Abstract

To measure text similarity in electronic nursing progress notes and determine factors associated with text similarity. Electronic clinical notes with redundant information masks clinically relevant information, increases clinicians' cognitive burden and undermines patient safety. Retrospective review of electronic medical record nursing progress notes. The study was conducted between November 2018 and February 2019 in two Australian Paediatric Intensive Care Units. De-identified, randomly selected inpatient data were extracted from the network's database. Manually classified shift summary progress notes for each admission were sequenced from admission to discharge. Text similarity was calculated for consecutive pairs of nursing progress notes. Linear regression was undertaken to determine the association between the similarity scores and variables of interest: note word count, total number of notes and unit. The STROBE checklist was used for reporting. 921shift summary nursing progress notes were analysed. Similarity scores were widely distributed with a median of 10.37%. Only 17.2% (n=144) of the notes have similarity scores above 20%. Of these, 5% (n=47) were above 50% similar in comparison with a previously written note. Similarity above 50% was observed as early as the first note pair in the course of a patient's admission.
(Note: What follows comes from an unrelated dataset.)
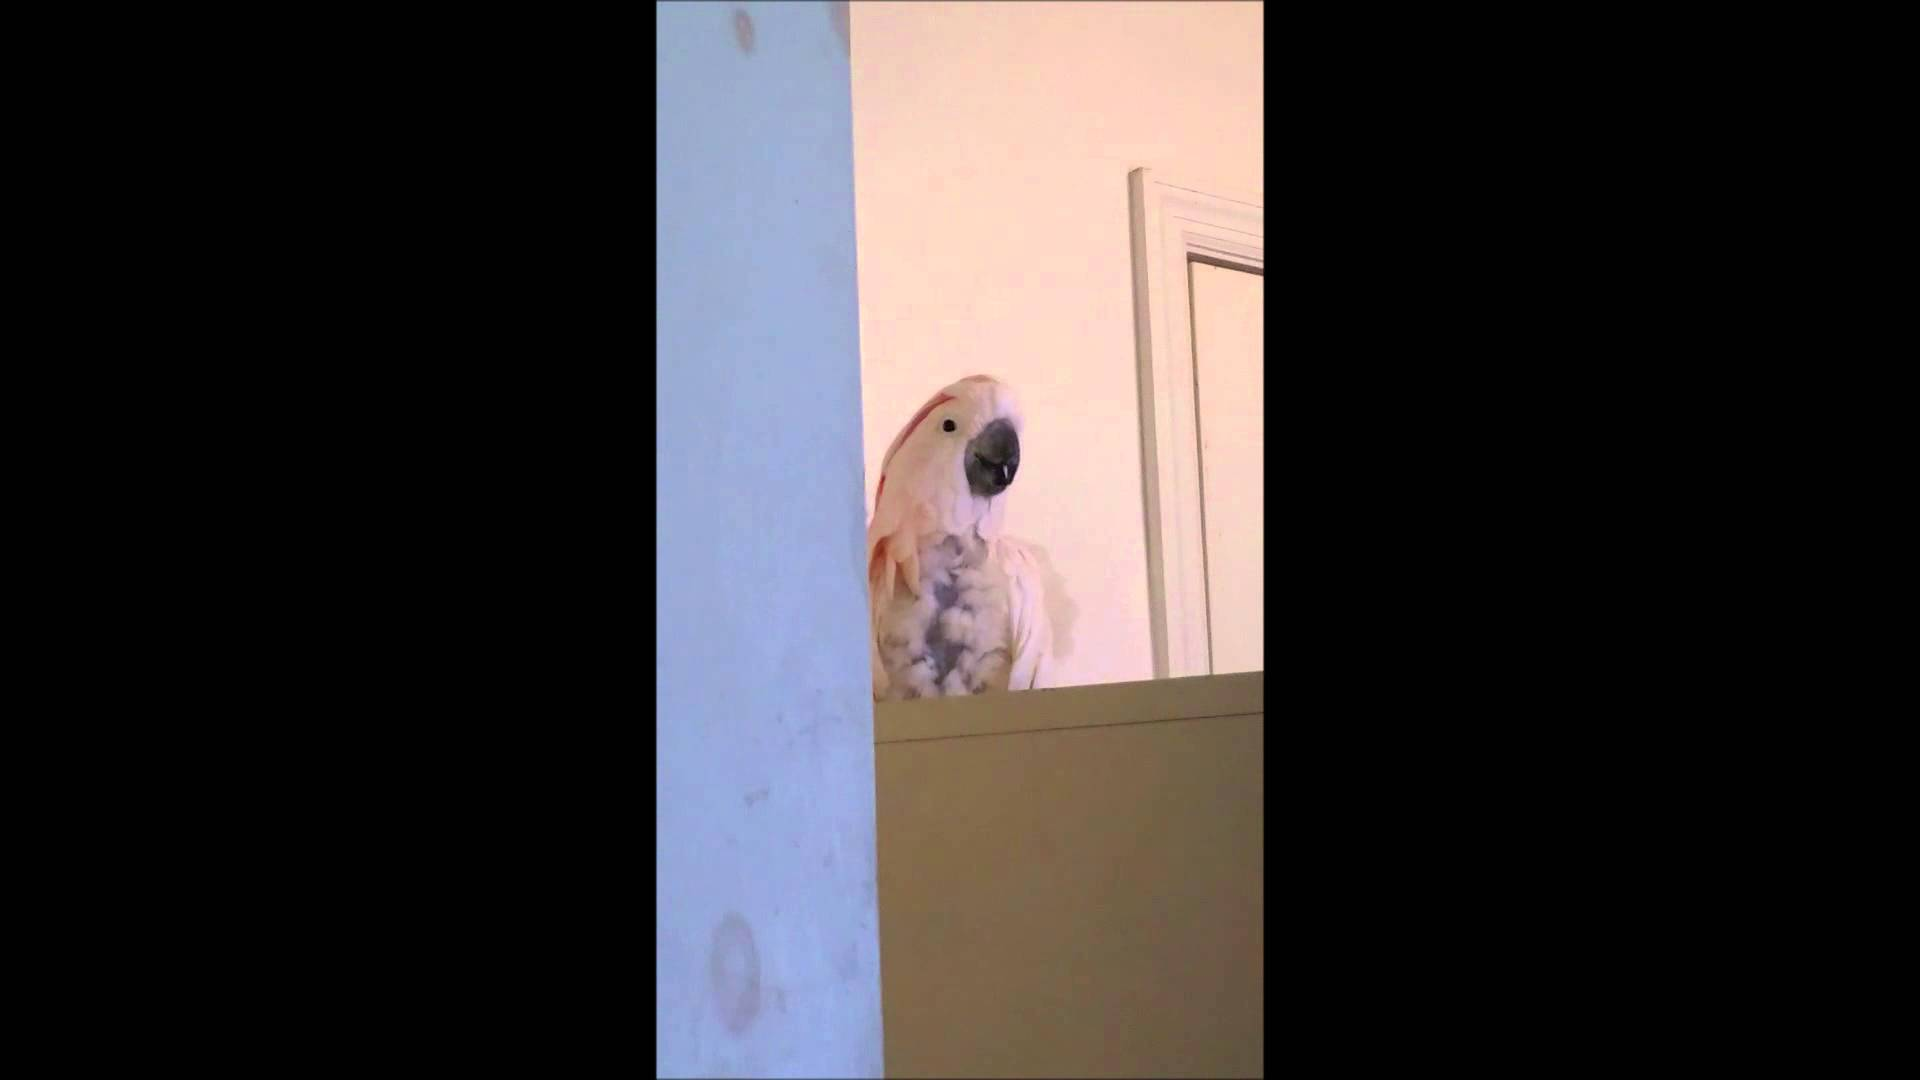 VIDEO: Ovaj kakadue osmislio je pjesmicu

A significant difference was found between the similarity scores of Unit 1 and Unit 2. Hospital unit was the only variable of interest significantly associated with similarity scores. Text similarity among electronic nursing progress notes in Australian Paediatric ICUs is minimal; however, notes with >50% similarity have been identified. Text analytics provides measurable data and insights about electronic clinical documentation to inform future nursing practice, research and eMR design. Findings have implications for nursing practice in the way that nursing staff are educated to maintain data quality, professional accountability and effective communication in electronic documentation and to avoid unnecessary repetition of text.